Kate Cook owns and operates Athens’ own ARTini’s, a full-service art lounge, or what she affectionately describes as her “paint-and-sip.” Kate may fantasize about living in the islands, but she describes Athens as the perfect fit and her work as quintessential: she’s living the dream, and she’s ready to expand.
Growing the Seed
Kate was working at JHouse Media when a friend told her about a studio in Denver where she’d gone to share a bottle of wine and paint with friends. Kate loved JHouse, but she was hooked by the idea of using her Fine Arts degree, creative talents, and small business acumen to make a living and meet new people every day.
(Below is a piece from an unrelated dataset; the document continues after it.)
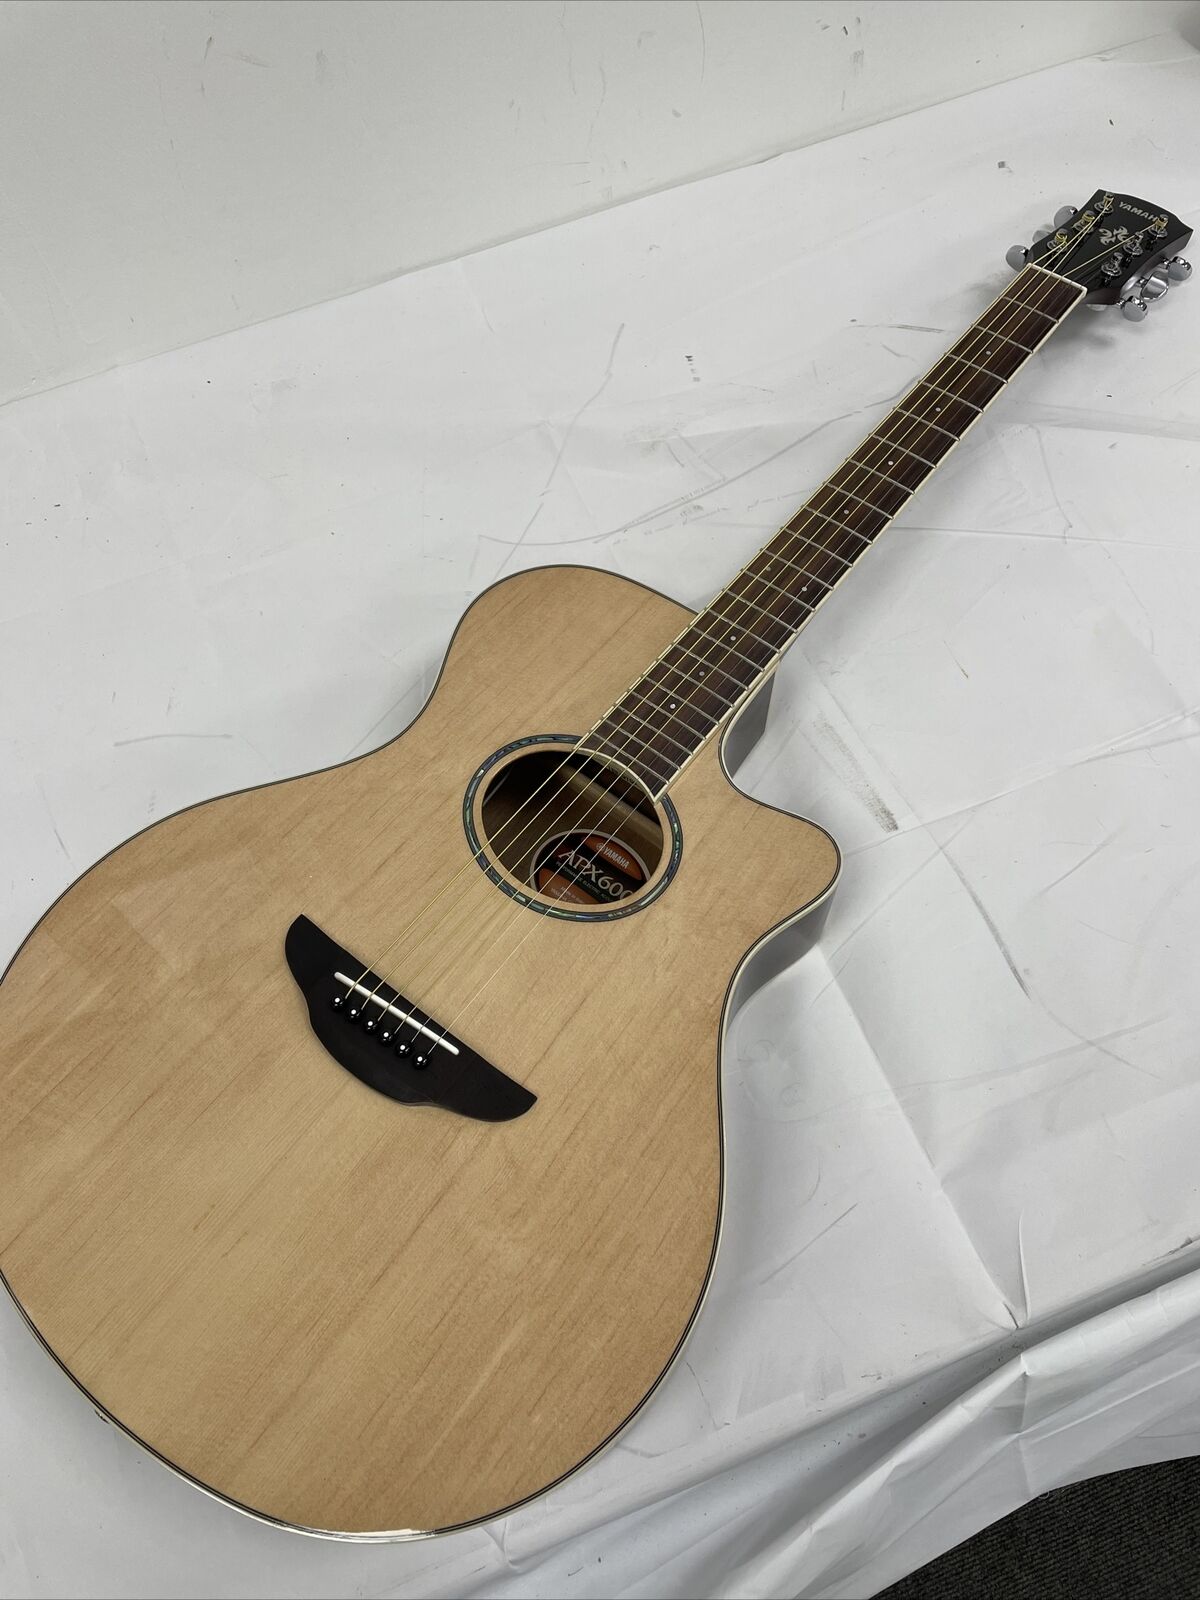 Available now on eBay UK this Yamaha APX600 Electro Acoustic Guitar - Excellent condition

She’s quick to recognize that ARTini’s sells entertainment, and if you’ve ever shared in one of Kate’s characteristically welcoming and charismatic conversations, you know she’s good at it. On top of offering instruction, materials, studio space, and booze, ARTini’s employs local Athens artists to instruct with all original pieces.
Kate considers herself a competitor in select areas, and business is one of them. When ARTini’s was opening its doors, three paint-and-sip studios had popped up in Athens within just a few months, so Kate had her work cut out for her. Luckily, Kate thrives under this type of pressure, and with the fire under her butt, ARTini’s has found success in a challenging market.
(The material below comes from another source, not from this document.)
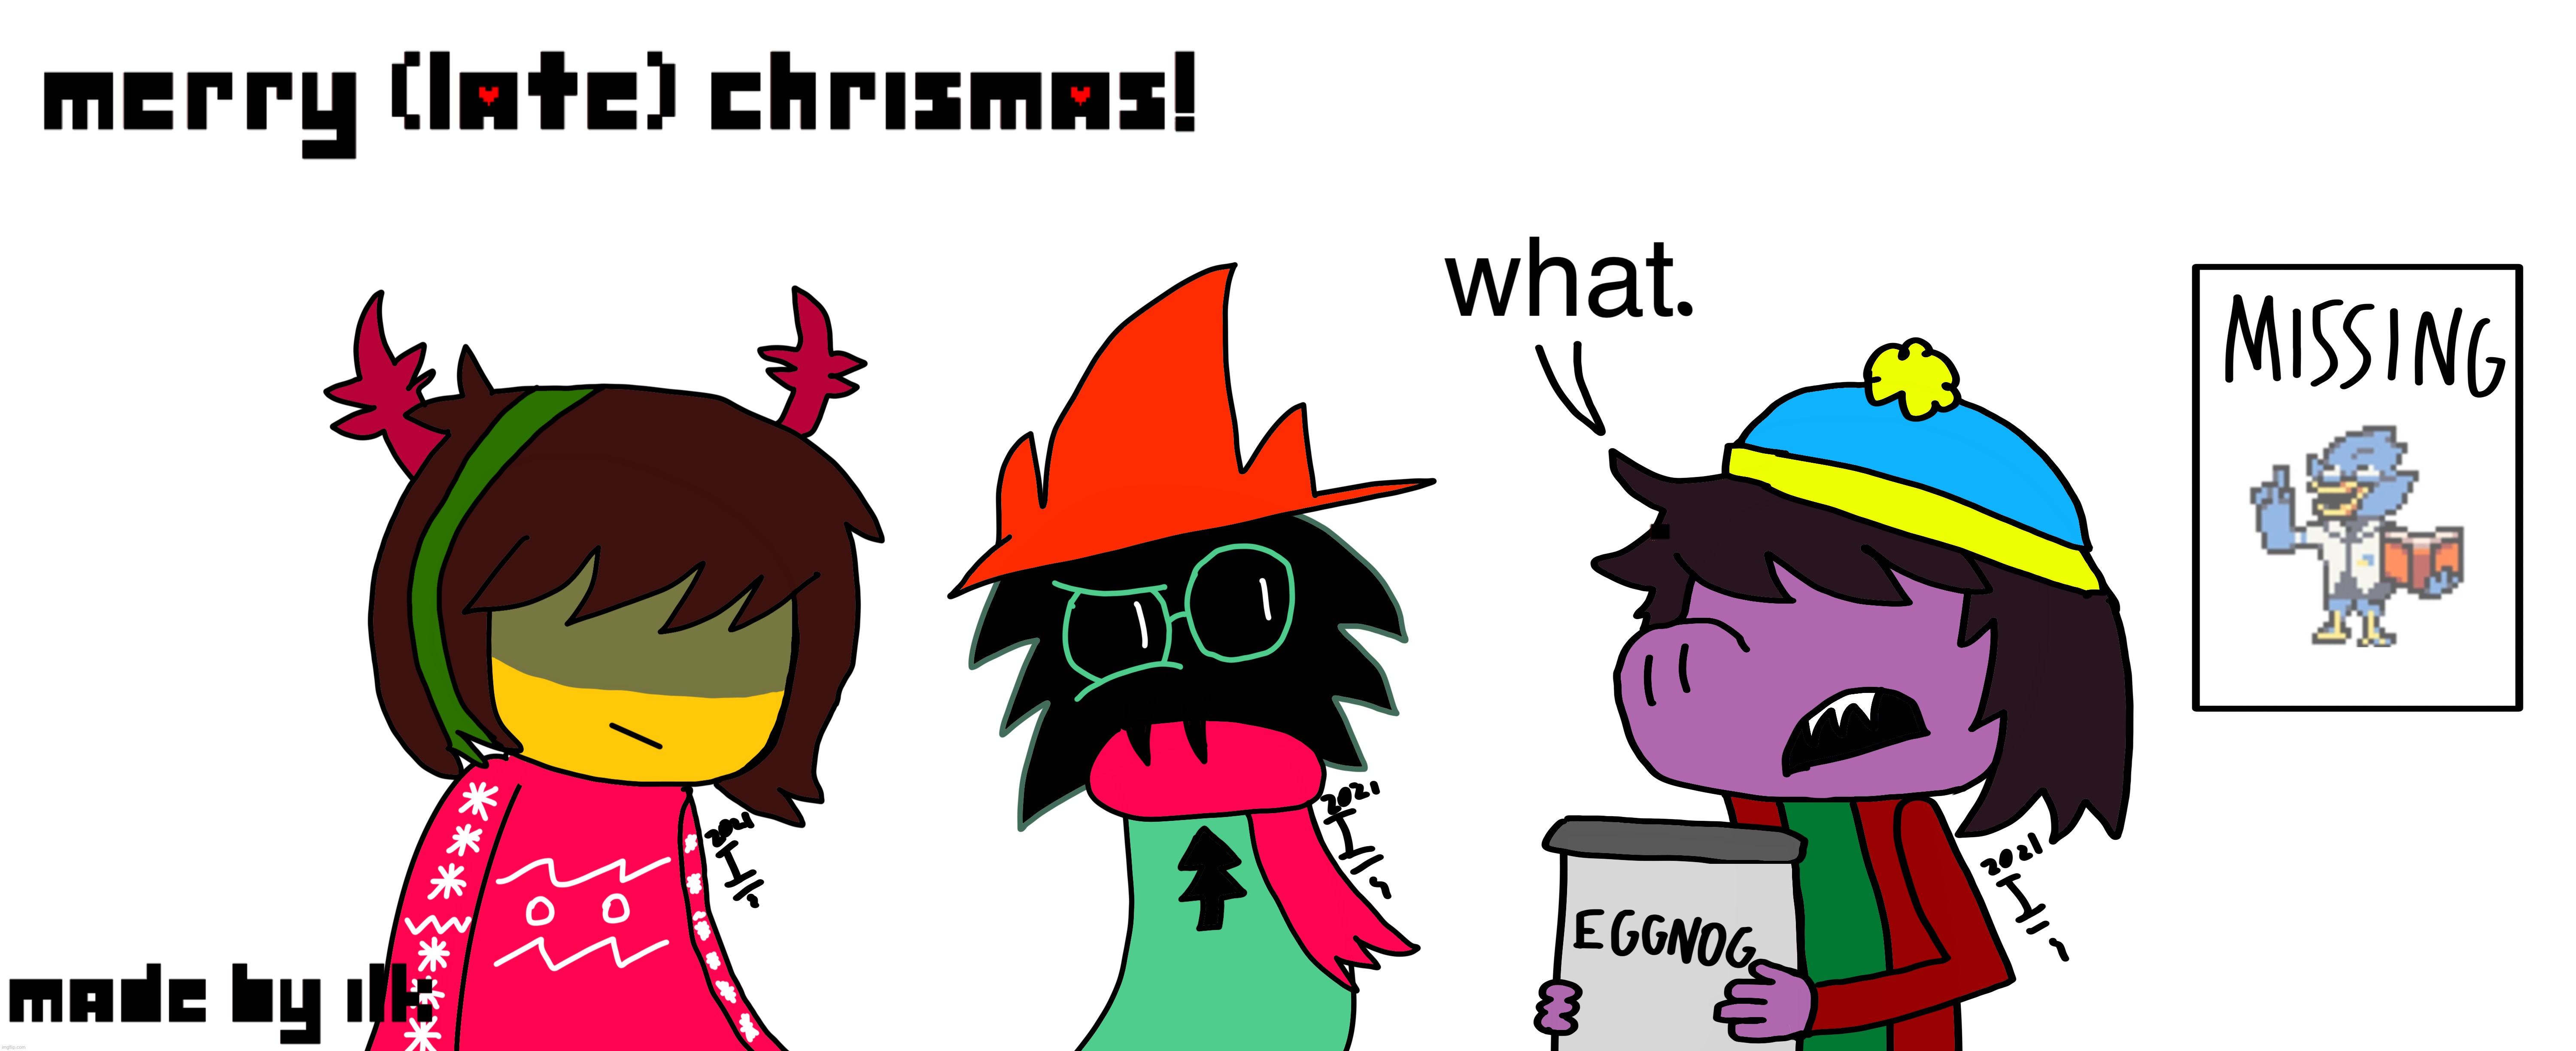 merry (late) krismas | image tagged in deltarune,christmas | made w/ Imgflip meme maker

On top of its University-accessible downtown location, the studio is a versatile space, and Kate is present and available every day. ARTini’s is an artist-owned enterprise, and Kate is comfortable cooperating with other businesses and customers alike. When she started the company, she thought she’d be painting every day, but when she’s not handling management, Kate’s often busy running the technical side of the business. Her flexibility allows her to adapt to day-to-day challenges, and deliver wherever attention is needed.
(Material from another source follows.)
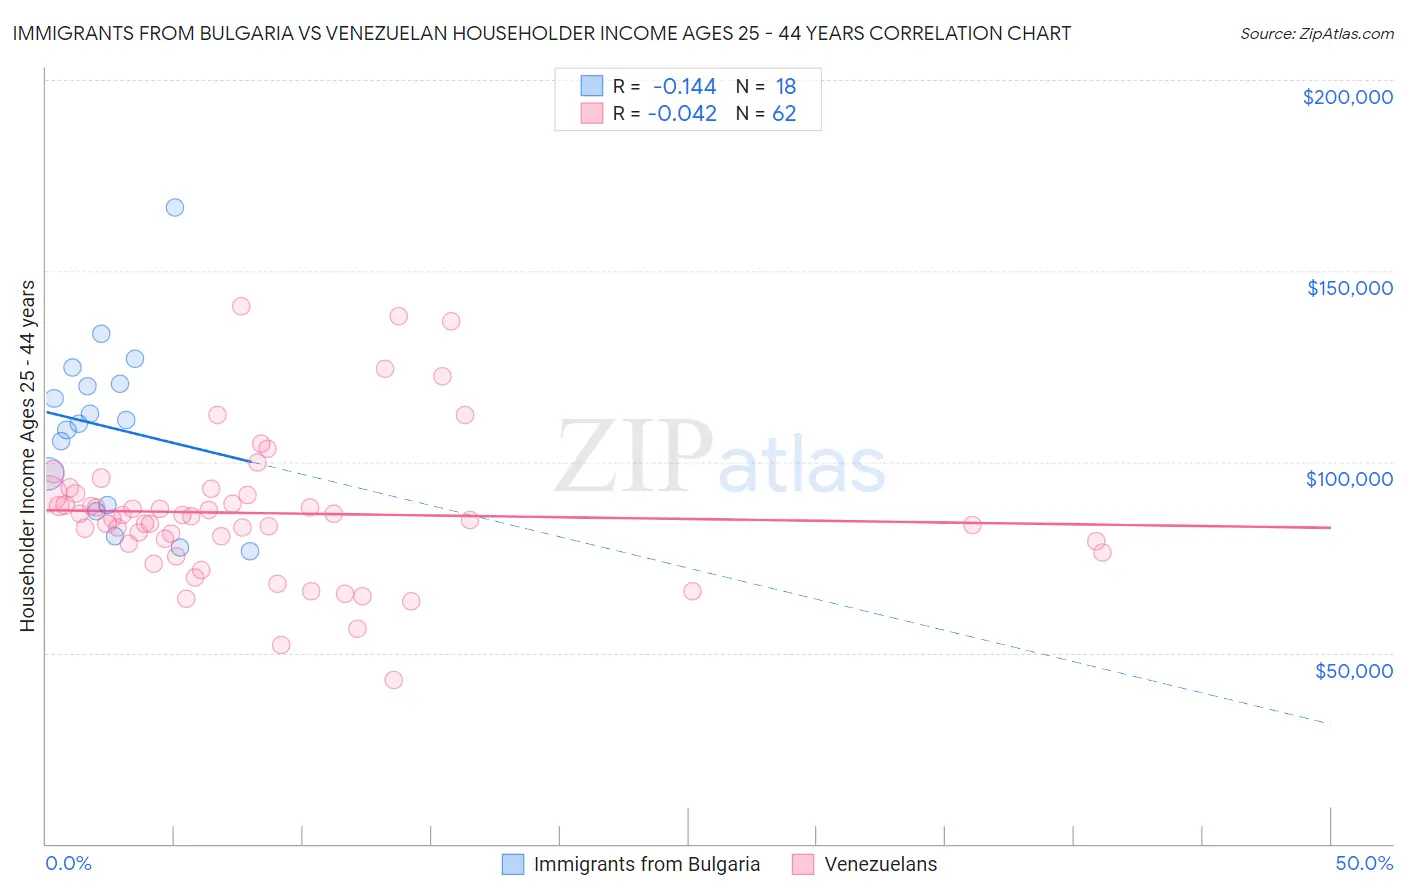 Immigrants from Bulgaria vs Venezuelan Householder Income Ages 25 - 44 years

Pushing Back & Giving Back
When planning painting sessions, Kate’s most pressing concern is keeping the artwork varied. She prioritizes finding new subjects and styles, and she stresses the importance of using different concepts.
The biggest challenge is keeping the artwork fresh, and keeping the public coming back. We’re always thinking of ways to create new paintings without copying others. We don’t want to step on anyone’s design toes, but you can only paint a peacock so many ways.
Local artists have a strong mutual respect, so there is a very low turnover of artist instructors. Accessible, down-to-earth networking is important to learn of new talent as well as to spread the word about the business itself.
Kate knows success isn’t just about winning customers. She does as much for the community as she can, making it a rule to donate to numerous organizations for fundraising.
Kate has a fresh perspective on networking, borne by how good she feels when meeting someone new. And while she’s comfortable in conversation with most people, taking the self-promotion angle is a struggle. She’s shy about talking to others about what she does, so she appreciates a good event. Liquid courage doesn’t hurt.
Kate thinks of networking as an “anything goes” practice. She seeks out new events and regularly goes out, shying away from people only on sensitive topics like religion and politics. On top of her artistic research, she is an avid and nondiscriminating reader, absorbing articles on culture and current events, all of which are fair game when getting to know people in the community.